SPIDER 2.0: EVALUATING LANGUAGE MODELS ON REAL-WORLD ENTERPRISE TEXT-TO-SQL WORK

📝 Paper Summary

Text-to-SQL Benchmarking Enterprise Data Workflows

Spider 2.0 benchmarks language model agents on real-world enterprise SQL workflows involving massive schemas, diverse dialects, and project-level codebases, revealing severe limitations in current SOTA models.

Core Problem

Existing text-to-SQL benchmarks rely on small, simplified databases with uniform SQL dialects, failing to capture the complexity of enterprise environments that involve massive schemas, diverse systems (BigQuery, Snowflake), and project-level dependencies.

Why it matters:

Current LLMs achieve >90% on academic benchmarks like Spider 1.0 but fail in real industrial settings
Enterprise data is stored across diverse systems (cloud/local) requiring dialect-specific knowledge
Real-world queries often span >100 lines and require reasoning over thousands of columns and external documentation

Concrete Example: A user asks for a daily sales report. In Spider 1.0, this is a simple SELECT on one table. In Spider 2.0, the agent must navigate a Salesforce database with >1,000 columns, check `schema.yml` to understand column definitions, use dialect-specific functions like `DATE_TRUNC`, and join multiple tables while respecting project-defined macros.

Key Novelty

Enterprise-Grade Agentic SQL Benchmark

Shift from 'text-to-SQL' translation to 'SQL agents' that must explore file systems, read documentation, and interact with databases
Incorporates real-world scale: databases with 1000+ columns, nested JSON schemas, and 7 distinct SQL dialects (BigQuery, Snowflake, DuckDB, etc.)
Includes 'Spider 2.0-lite' for traditional parsing evaluation and full 'Spider 2.0' for agentic workflows involving file manipulation and iterative execution

Architecture

Conceptual diagram of the Spider 2.0 evaluation framework contrasting simplified text-to-SQL with real-world enterprise workflows.

Evaluation Highlights

o1-preview (SOTA) solves only 21.3% of agentic tasks, compared to 91.2% on Spider 1.0
Traditional text-to-SQL methods (DAIL-SQL + GPT-4o) achieve only 5.68% execution accuracy on the Lite subset
Performance drops significantly on nested schemas (10.3% success) compared to flat schemas (27.4%)

Breakthrough Assessment

9/10

A definitive reality check for the field. By moving from toy databases to massive enterprise schemas and diverse dialects, it exposes the vast gap between academic success and industrial utility.

⚙️ Technical Details

Problem Definition

Setting: Agentic SQL Workflow: Given question Q, database interface I, and codebase C, iteratively modify code based on execution observations until result A is obtained.

Inputs: Natural language question Q, Database Interface I (BigQuery/Snowflake/etc.), Project Codebase C (files, config, docs)

Outputs: Final result A (text/table/database) obtained via execution

Pipeline Flow

Group 1: Agentic Workflow (Spider 2.0)
Group 2: Text-to-SQL Workflow (Spider 2.0-lite/snow)

System Modules

Spider-Agent

Autonomous agent that navigates codebase and database to solve tasks

Model or implementation: Various LLMs (e.g., o1-preview, GPT-4o)

Text-to-SQL Parser

Generate a single SQL query from inputs

Model or implementation: Baseline methods (DIN-SQL, DAIL-SQL, etc.)

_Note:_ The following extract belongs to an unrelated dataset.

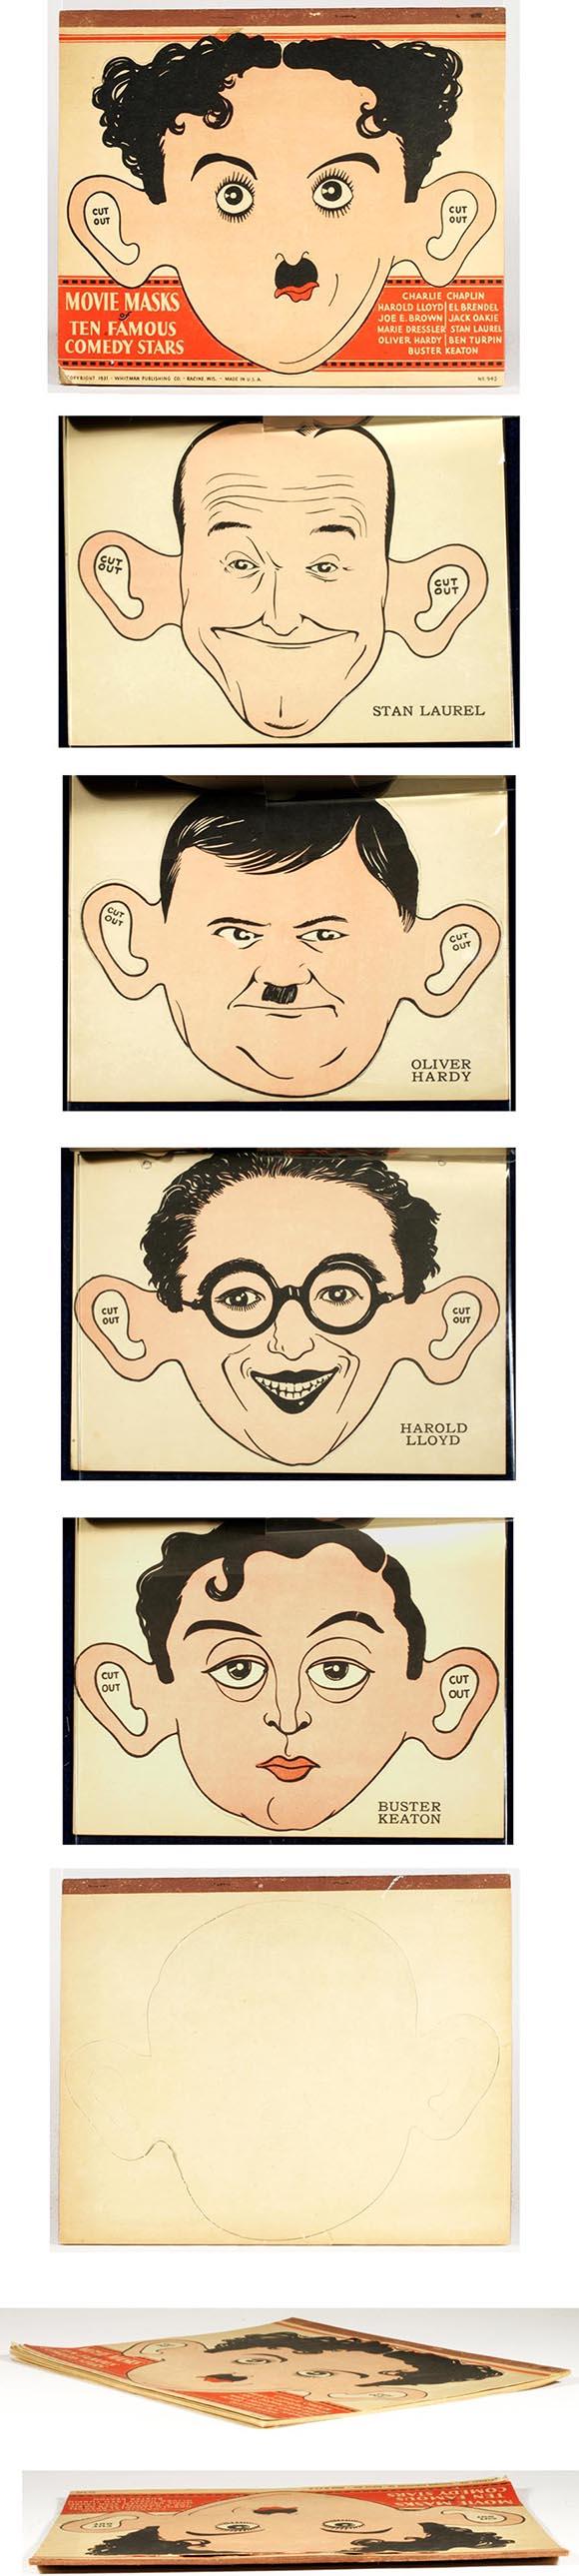 1931 Whitman, Movie Masks of 10 Famous Comedy Stars

Novel Architectural Elements

Integration of full project codebases (DBT projects, YAML configs) as context for SQL generation
Multi-dialect environment requiring agents to adapt syntax for 7 different database systems dynamically
Evaluation pipeline supporting outcome verification across string, table, and database file formats

Comparison to Prior Work

vs. Spider 1.0: Spider 2.0 introduces 7 dialects (vs 1), 800+ avg columns (vs 27), and codebase context
vs. BIRD: Spider 2.0 requires understanding project files (DBT) and external docs, not just database content
vs. Intercode: Spider 2.0 focuses specifically on enterprise SQL workflows and massive schemas

Limitations

Access to commercial cloud databases (BigQuery, Snowflake) requires setup/credits, potentially hindering universal reproducibility
Evaluation scripts for table results allow some flexibility (ignoring order/extra columns), which might mask specific ordering errors
Agent performance is extremely low, making it difficult to analyze fine-grained model differences beyond 'failure'

Reproducibility

Code: https://spider2-sql.github.io

publicly available (https://spider2-sql.github.io). Includes dataset, baseline models, and evaluation scripts. Some commercial database environments (BigQuery/Snowflake) require credentials/setup, but Lite/Snow versions are self-contained.

📊 Experiments & Results

Evaluation Setup

Two distinct settings: Agentic (Spider 2.0) allowing code execution/exploration, and Static (Spider 2.0-lite/snow) strictly for text-to-SQL generation.

Benchmarks:

Spider 2.0 (Agentic SQL Workflow (Data Engineering)) [New]
Spider 2.0-lite (Text-to-SQL Generation (Multi-dialect)) [New]
Spider 2.0-snow (Text-to-SQL Generation (Snowflake only)) [New]

Metrics:

Success Rate (SR)
Execution Accuracy (EX)
Statistical methodology: Not explicitly reported in the paper

Key Results

Benchmark	Metric	Baseline	This Paper	Δ
Agentic evaluation shows that even the most capable reasoning models struggle significantly with real-world enterprise workflows.
Spider 2.0	Success Rate (SR)	2.53	21.36	+18.83
Spider 2.0	Success Rate (SR)	12.34	21.36	+9.02
Text-to-SQL specific evaluation (Lite) reveals that current specialized prompting methods fail on enterprise schemas.
Spider 2.0-lite	Execution Accuracy (EX)	0.73	5.68	+4.95
Spider 2.0-lite	Execution Accuracy (EX)	1.46	5.68	+4.22
Ablation on task difficulty shows nested schemas and external documentation are major failure points.
Spider 2.0 (Non-DBT subset)	Success Rate (SR)	10.34	27.38	+17.04
Spider 2.0 (Non-DBT subset)	Success Rate (SR)	11.54	26.64	+15.10

Experiment Figures

Pie chart showing the distribution of database systems in the benchmark.

Bar chart of error categories based on analysis of 300 examples.

Main Takeaways

Massive performance drop from Spider 1.0 (>90%) to Spider 2.0 (~21%), confirming that academic benchmarks do not reflect enterprise complexity
Nested schemas (JSON/Arrays) and requirement for external documentation are primary bottlenecks for current agents
Specialized Text-to-SQL methods (DIN-SQL, DAIL-SQL) fail completely (<6% accuracy) on the Lite setting due to dialect diversity and schema size
Few-shot prompting provides negligible improvement (e.g., <1% gain) on Spider 2.0-lite, suggesting current in-context learning cannot handle the massive context requirements

📚 Prerequisite Knowledge

Prerequisites

Knowledge of SQL dialects (Standard SQL vs. T-SQL vs. Snowflake)
Understanding of database schemas (tables, columns, foreign keys)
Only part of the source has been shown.